___ PROVIDED DATA

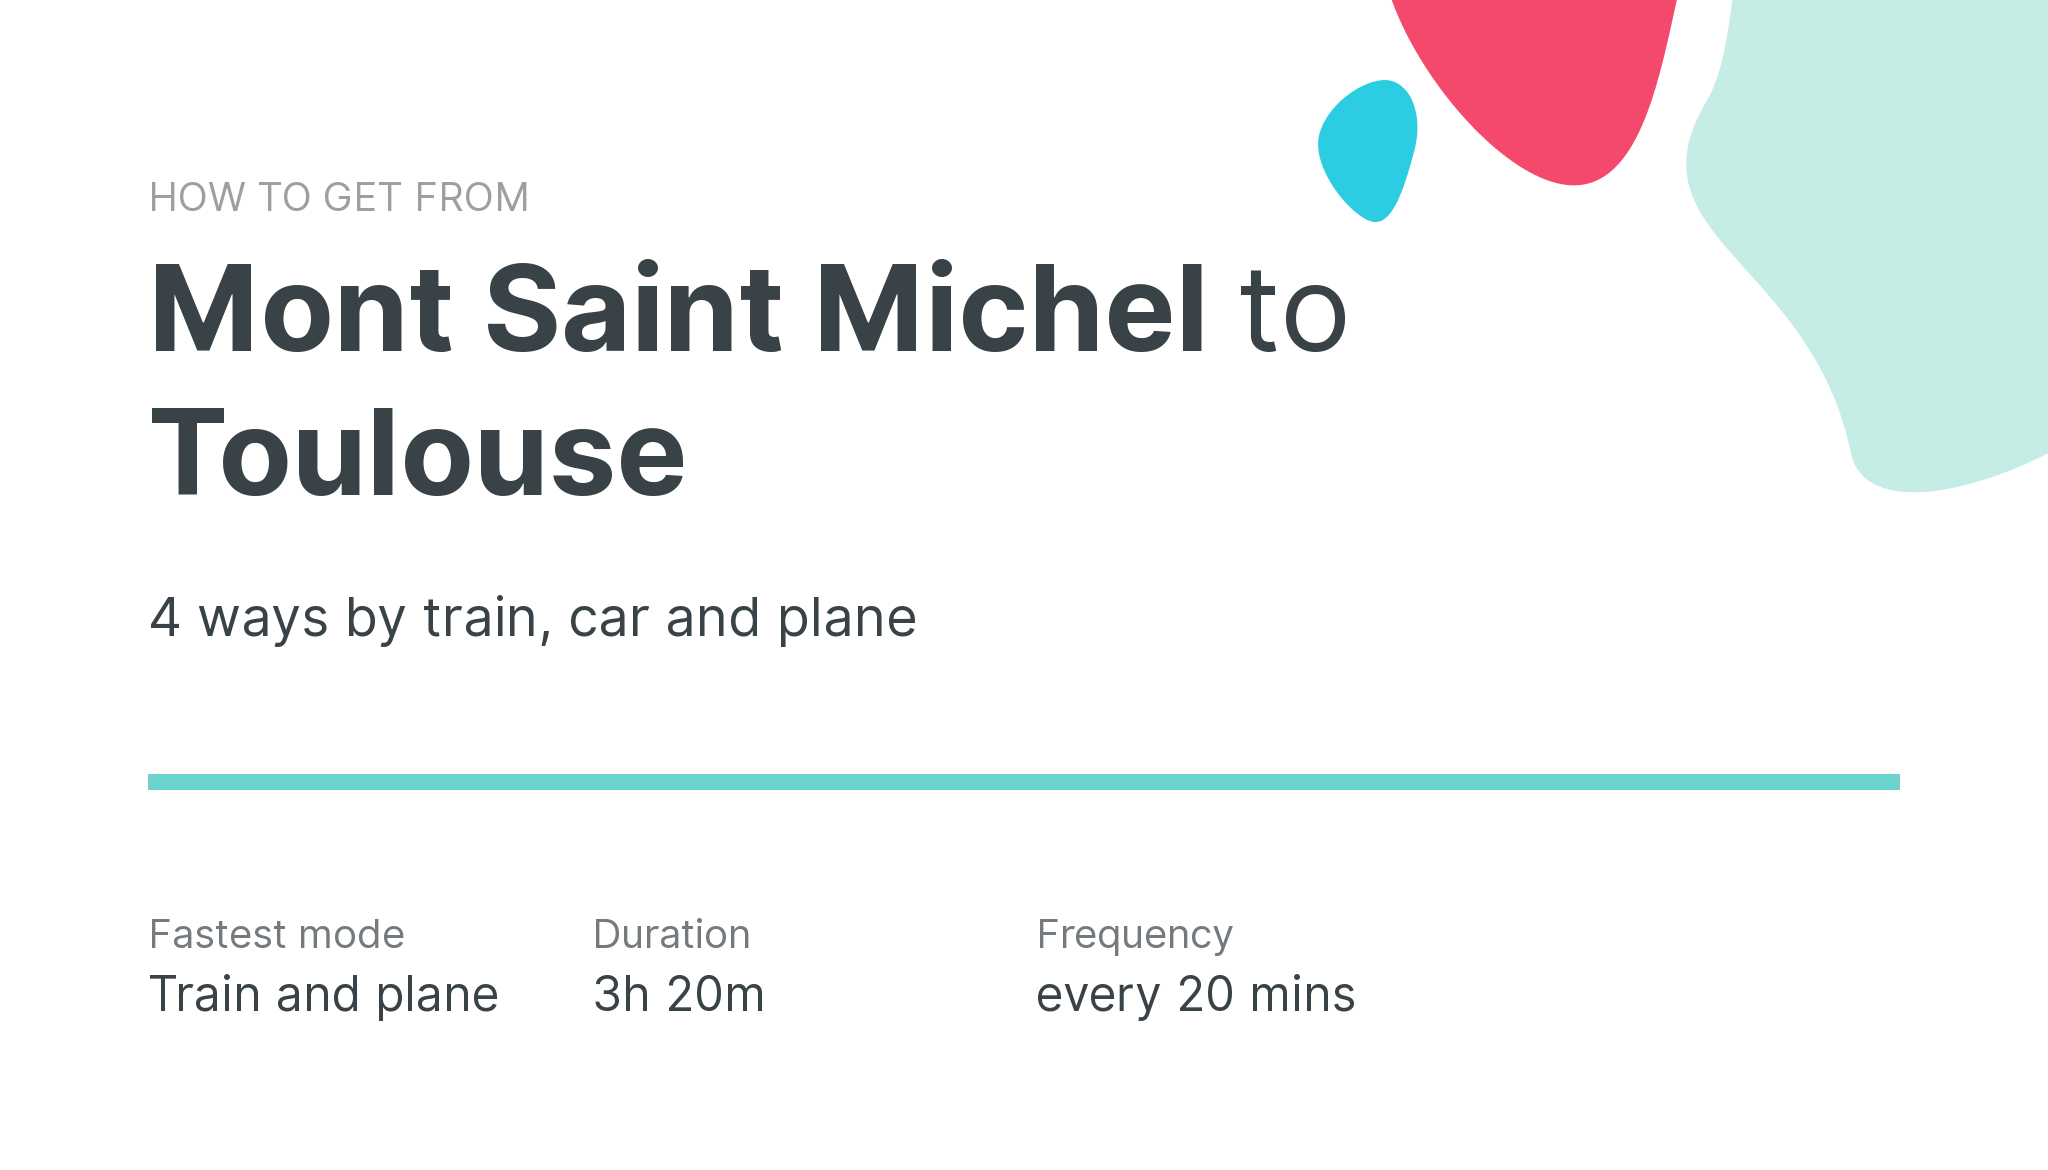 How do I get from Mont Saint Michel to Toulouse
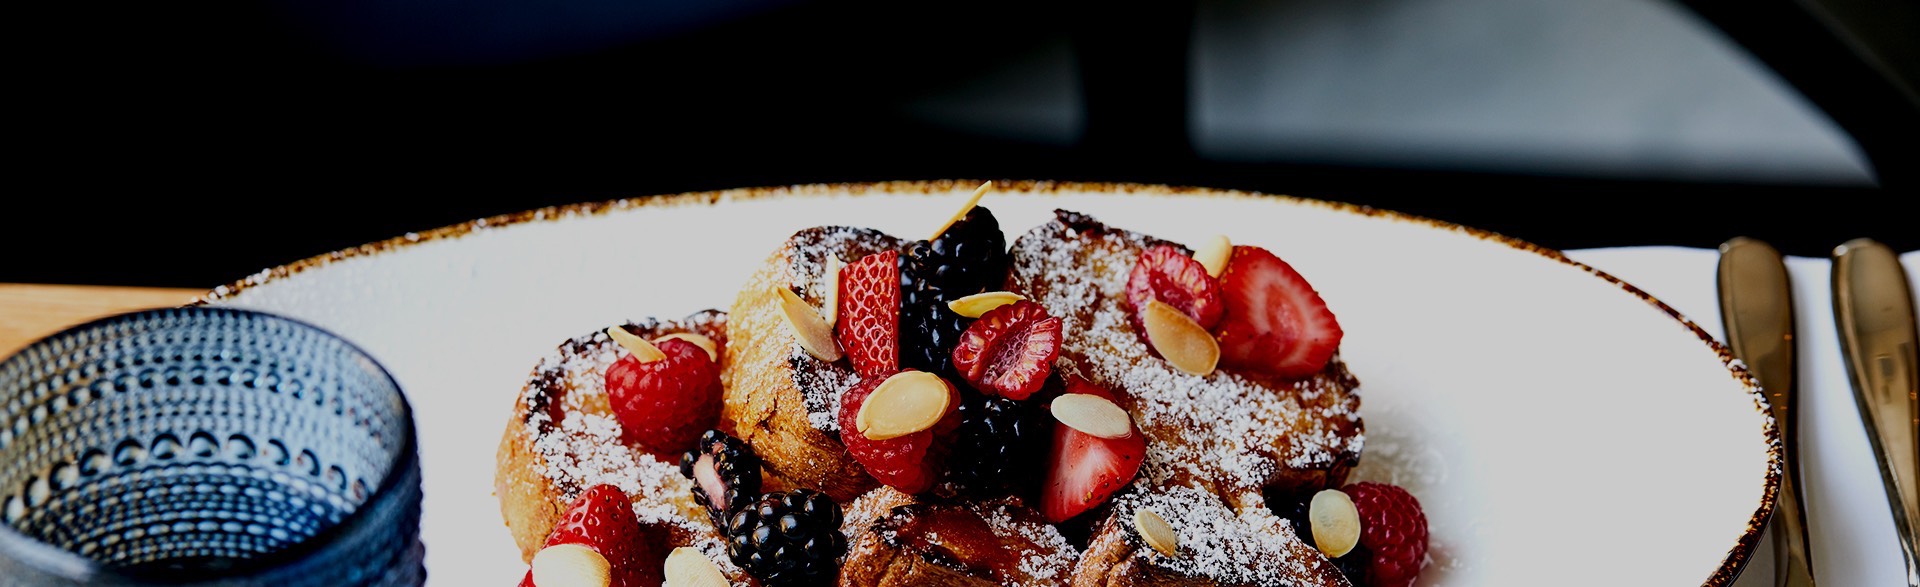 french toast with berry garnishes
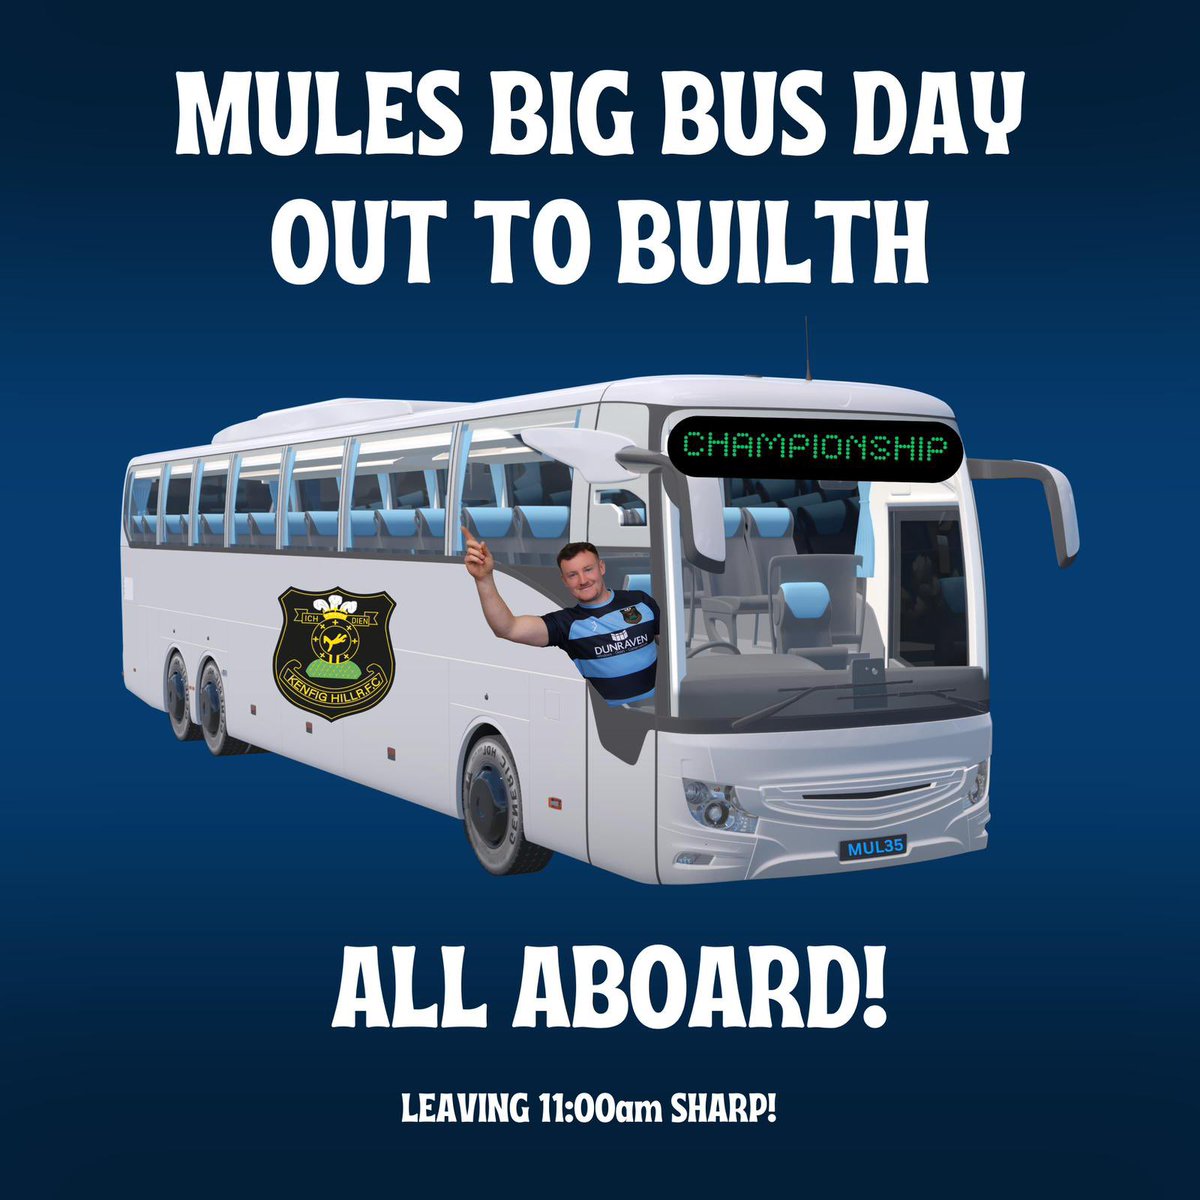 Saturday May 11th is our final game of the season away at @BUILTHR There are 2 supporters buses booked with a few spare places remaining. Cost is £15 per person. Contact team manager Mikey Guy @savagemule 07740 574325 to book your place. #HalaMules #dixieatthewheel 👍🏉
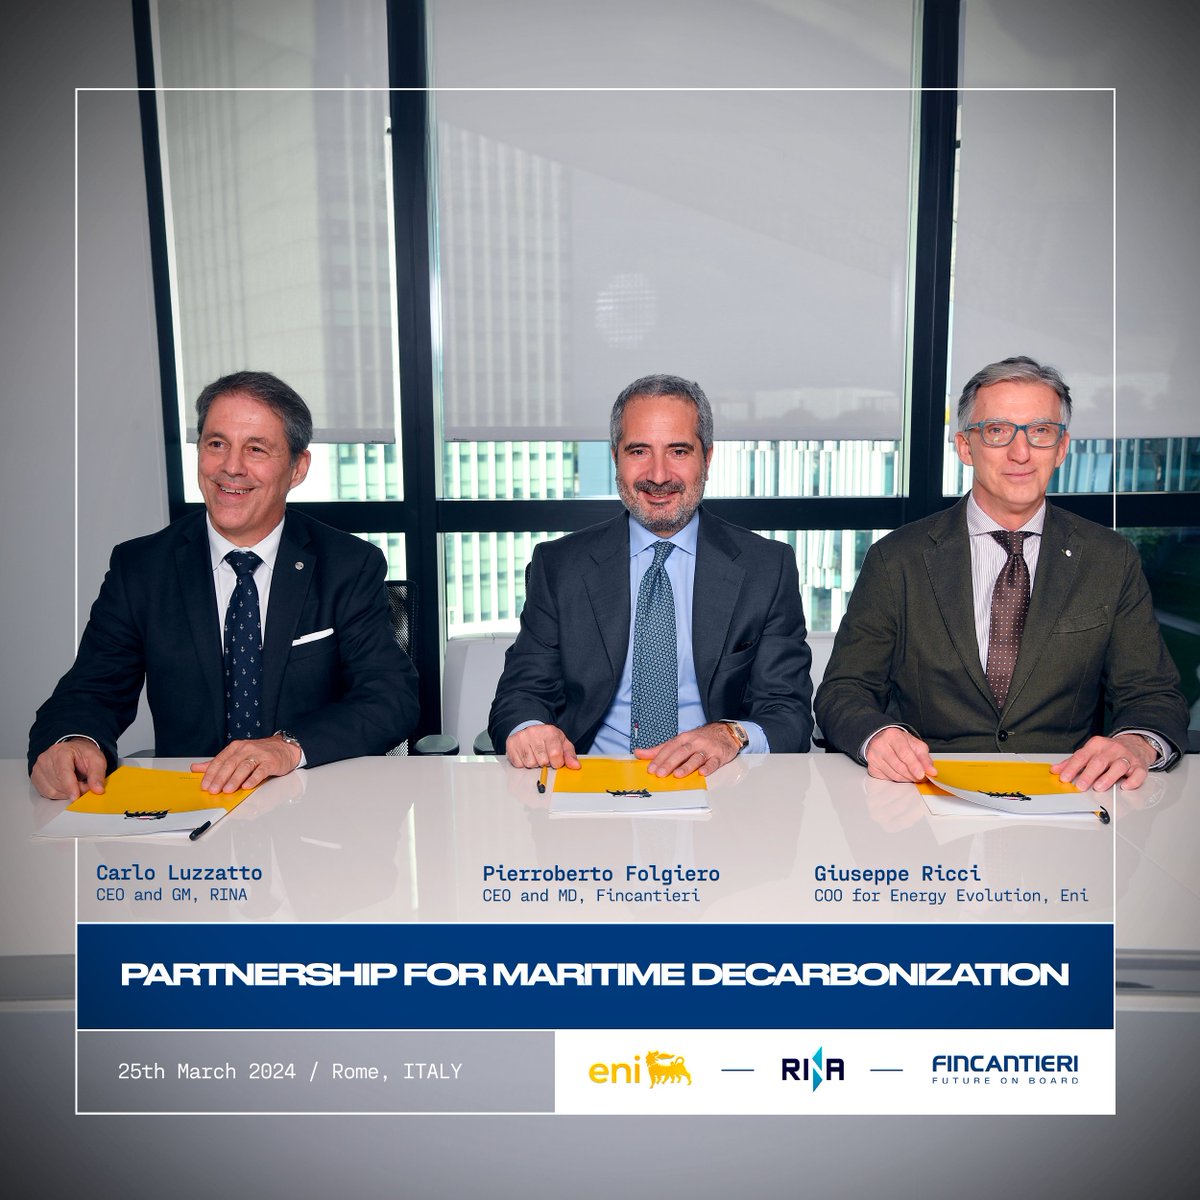 Our road to Net Zero continues thanks to the signing of an agreement with two partners; @eni, a global energy company, and @RINA1861, a multinational inspection, certification, and engineering consultancy. The agreement solidifies a commitment to develop joint initiatives for the…

______

WORK REQUEST
In your copy, include no pictures; print every line above exactly.

RESULT OF THE TASK
 How do I get from Mont Saint Michel to Toulouse
 french toast with berry garnishes
 Saturday May 11th is our final game of the season away at @BUILTHR There are 2 supporters buses booked with a few spare places remaining. Cost is £15 per person. Contact team manager Mikey Guy @savagemule 07740 574325 to book your place. #HalaMules #dixieatthewheel 👍🏉
 Our road to Net Zero continues thanks to the signing of an agreement with two partners; @eni, a global energy company, and @RINA1861, a multinational inspection, certification, and engineering consultancy. The agreement solidifies a commitment to develop joint initiatives for the…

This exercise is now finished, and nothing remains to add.